Buyurunuz sınav başladı!
Sınav denilince aklınıza hemen TEOG, LYS, SBS, ÖYS gibi kısaltmalar altında takdim edilen, öğrencileri test etme işlemleri gelmesin. Bu siyasi uzlaşma sınavı… Üçte ikisi yenilenmiş, daha çok...
Sınav denilince aklınıza hemen TEOG, LYS, SBS, ÖYS gibi kısaltmalar altında takdim edilen, öğrencileri test etme işlemleri gelmesin. Bu siyasi uzlaşma sınavı…

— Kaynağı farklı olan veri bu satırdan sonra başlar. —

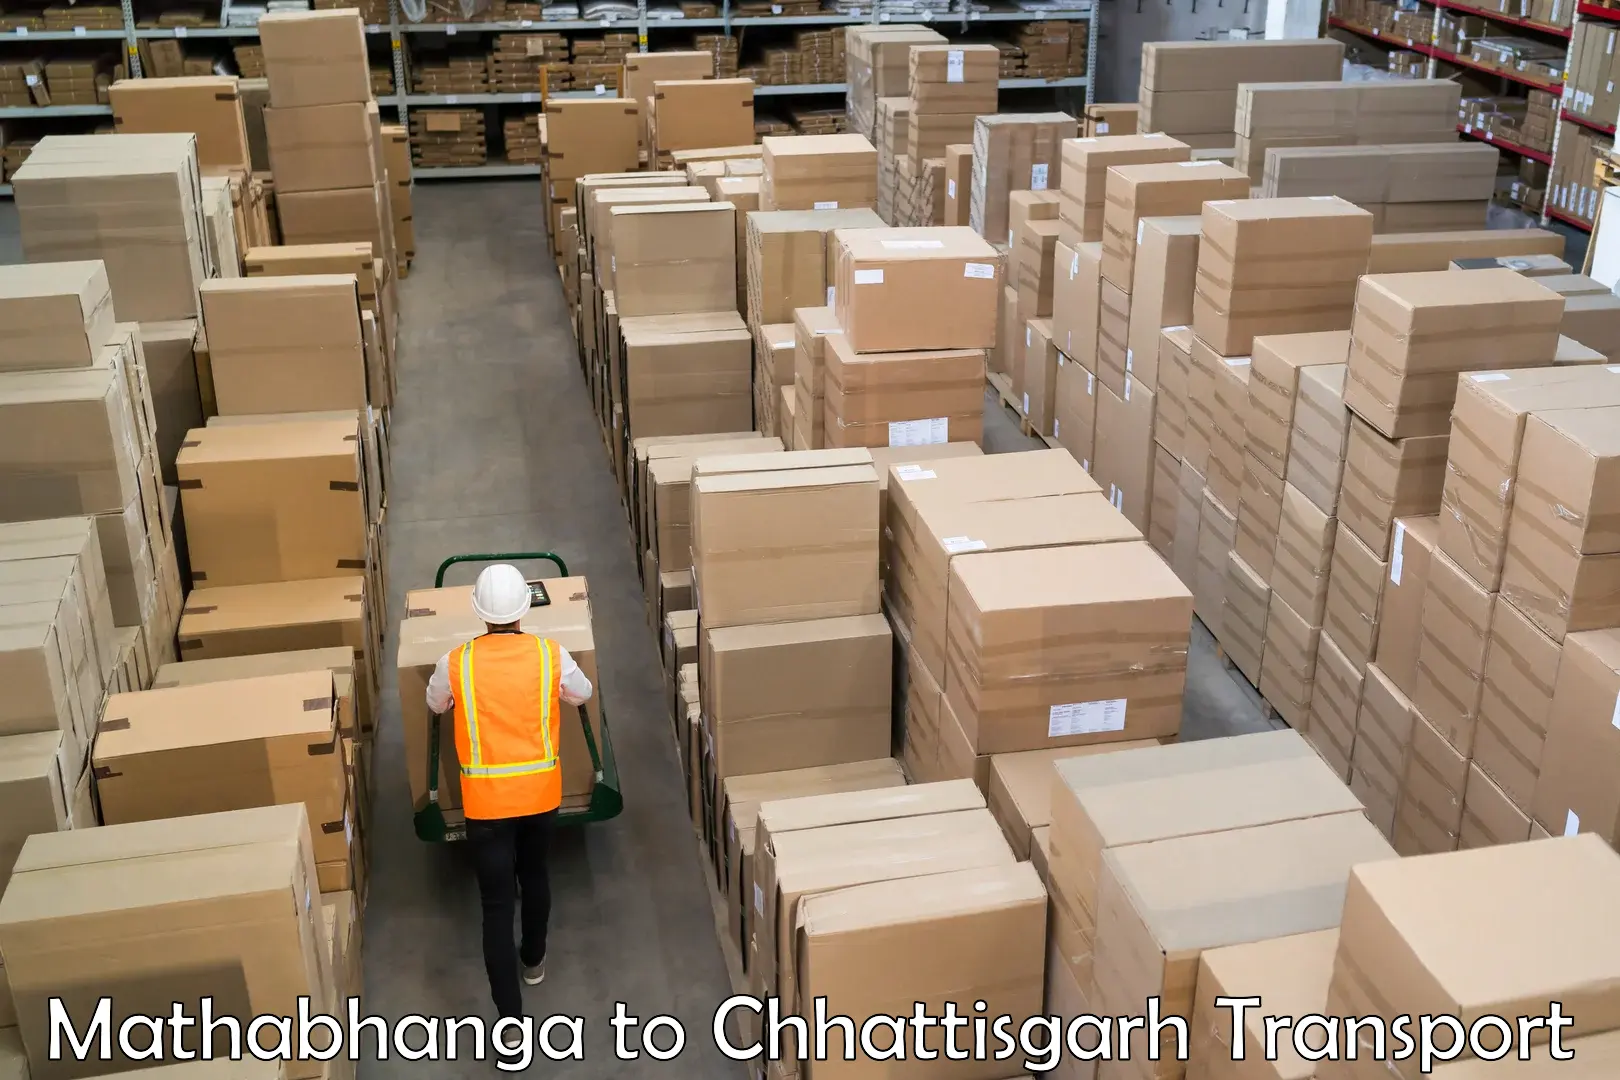 Bike shipping service Mathabhanga to Raigarh Chhattisgarh

Üçte ikisi yenilenmiş, daha çok gençleşmiş yeni Meclis, pek çok taze vekilin heyecanını gizleyemediği yemin töreniyle birlikte artık işbaşında. Hayli renkli Meclis’in, en geç 2 Temmuz’a kadar, Başkanının ismi de belli olmuş olacak. Ve bu ismin belirlenmesi sürecinde esasen, bir sonraki merhalede; yeni Hükümetin kurulmasında, siyasi partilerin uzlaşma eğilimi içinde olup olmadığı veya muhtemel iş birliğinin nasıl ve hangi ölçekte gerçekleşebileceği de, uç vermiş olacak… Şayet Meclis Başkanı seçiminde, her parti kendi adayını seçtirmek için sonuna kadar direnirse, koalisyon çalışmaları öncesinde olumsuz bir yaklaşım sergilenmiş olur!.. Her şeye rağmen, Meclis Başkanlığı ile ortak hükümet kurma meselesini birbirinden ayrı tutmak gerekir. Elbette birincisi ikincinin gerek ve yeter şartı değildir.
Asıl üzerinde durmak istediğimiz husus şudur: Siyasi partiler mevcut parlamento aritmetiği muvacehesinde, ülkeyi yönetecek hükümetin teşkili için uzlaşma becerisini ortaya koyabilecek midir? İç ve dış politik konjonktür, böyle bir uzlaşmayı zaruri kılıyor… Şayet siyasiler bu uzlaşma sınavında başarılı olamazsa, hem kendileri hem de memleket hesabına daha sıkıntılı bir duruma kapı aralanmış demektir. Seçimden sonraki iki haftalık sürede, sergilenen yaklaşımlar ve söylemler, bazen olumlu bazen de hayli olumsuz bir hava estiriyor.